The Message Age is set to 0 at the root bridge. Every other non-root switch will increase the Message Age field by one in the received BPDU when relaying it via its own ports. Moreover, on each non-root switch, the BPDU itself will age out in (Max Age - Message Age). This makes sure that the more hops this BPDU has traversed from the root, the sooner it will expire.

This document also may be interesting for you:

http://www.cisco.com/en/US/tech/tk389/tk621/technologies_tech_note09186a0080094954.shtml

Of course, feel welcome to ask further!

Best regards,

Peter

View solution in original post

5 Replies 5

Peter Paluch
Cisco Employee
Cisco Employee

Hi Roman,

The Message Age field in STP is similar to a TTL field in IP packet and is supposed to

  • prevent BPDUs being forwarded between STP-aware switches endlessly
  • define a maximum lifetime for a particular BPDU to prevent processing old and possibly outdated information

The Message Age is set to 0 at the root bridge. Every other non-root switch will increase the Message Age field by one in the received BPDU when relaying it via its own ports. Moreover, on each non-root switch, the BPDU itself will age out in (Max Age - Message Age). This makes sure that the more hops this BPDU has traversed from the root, the sooner it will expire.
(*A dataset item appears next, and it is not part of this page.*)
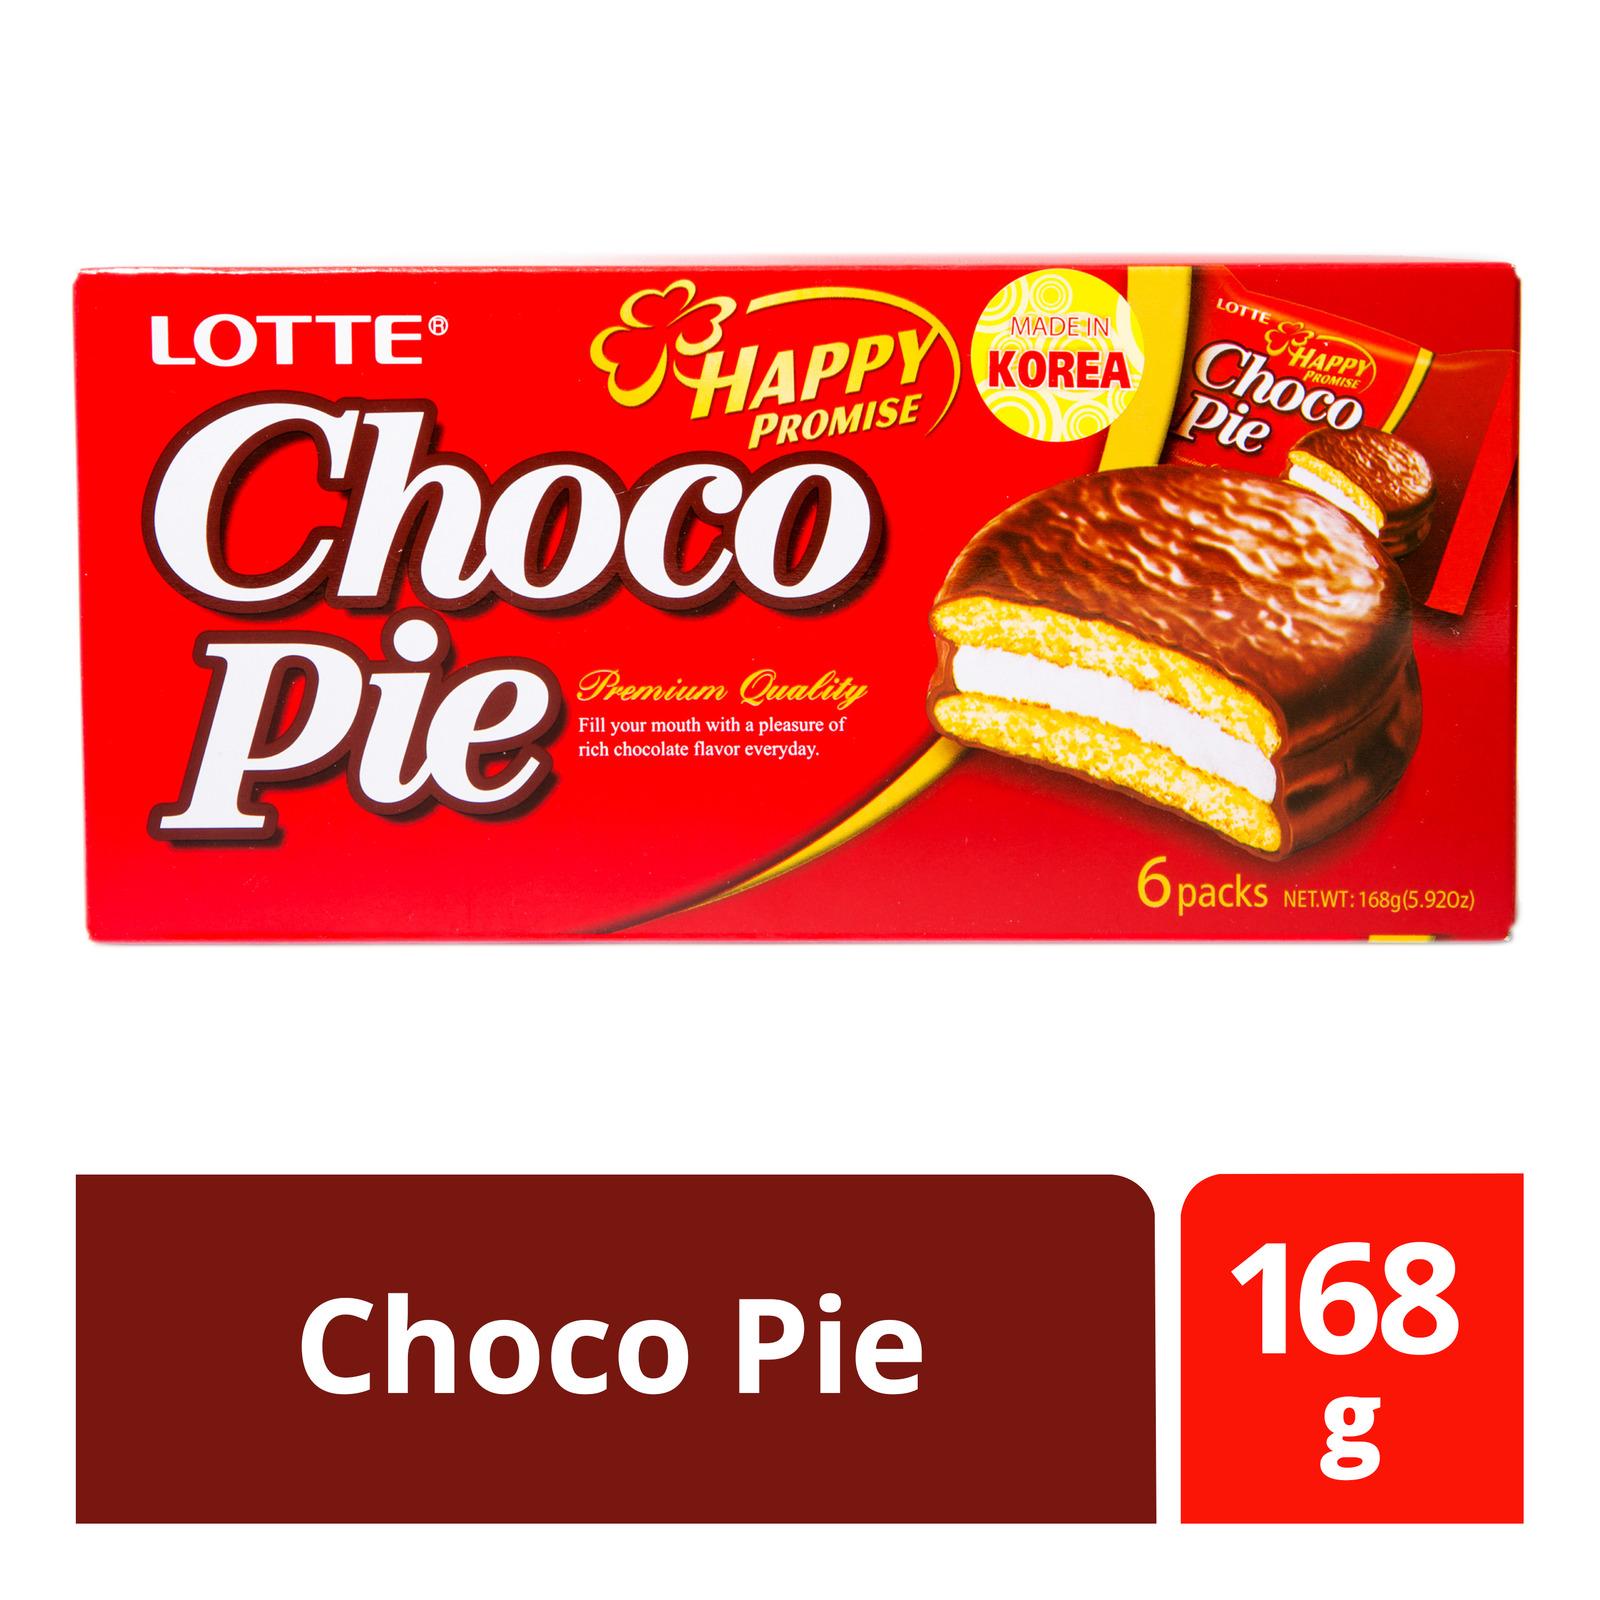 Lotte Happy Promise Choco Pie

This document also may be interesting for you:

http://www.cisco.com/en/US/tech/tk389/tk621/technologies_tech_note09186a0080094954.shtml

Of course, feel welcome to ask further!

Best regards,

Peter

Oh , thanks ,so that means , if diameter is 7 and I manualy set up maximu age to for example to 25 , last switch in topology could not recieve BPDU ? ...

Hello Roman,

I am not sure how you arrived to that conclusion - but it is incorrect. Assuming that the root switch is at one end of the 7-switch chain, the very last switch at the other end will receive the BPDUs with whatever Max Age you configured, and with the Message Age of 5. This BPDU will therefore expire in (Max Age - 5) seconds. Unless you configure your Max Age to 7 or less, the BPDU will be accepted and processed. If the Max Age was 7, the BPDU would expire in 7-5=2 seconds which is exactly the Hello time - hence the BPDU would expire at approximately the same time as it is expected to be received, and this could lead to very unpleasant results.

Having the diameter of 7 and the Max Age set to 25 will not produce any ill results - at worst, the BPDU will expire in 25-7=18 seconds at the farthest switch.

Best regards,

Peter

Ok

Sorry , I meant it right , but I have used wrong values ...

Thank you ...

Roman

Hi Peter

it is totally clear for me how Message Age field works and how each Non-root Switches uses and increment the value, my question now is, why does STP need the farther switches expiries its BPDUs stored sooner?

As an example, if I have 5 switches chained and the first one is the root if something happens to it the first that start announcing as new root-bridge is the last one on the opposite direction, why does the protocol do that?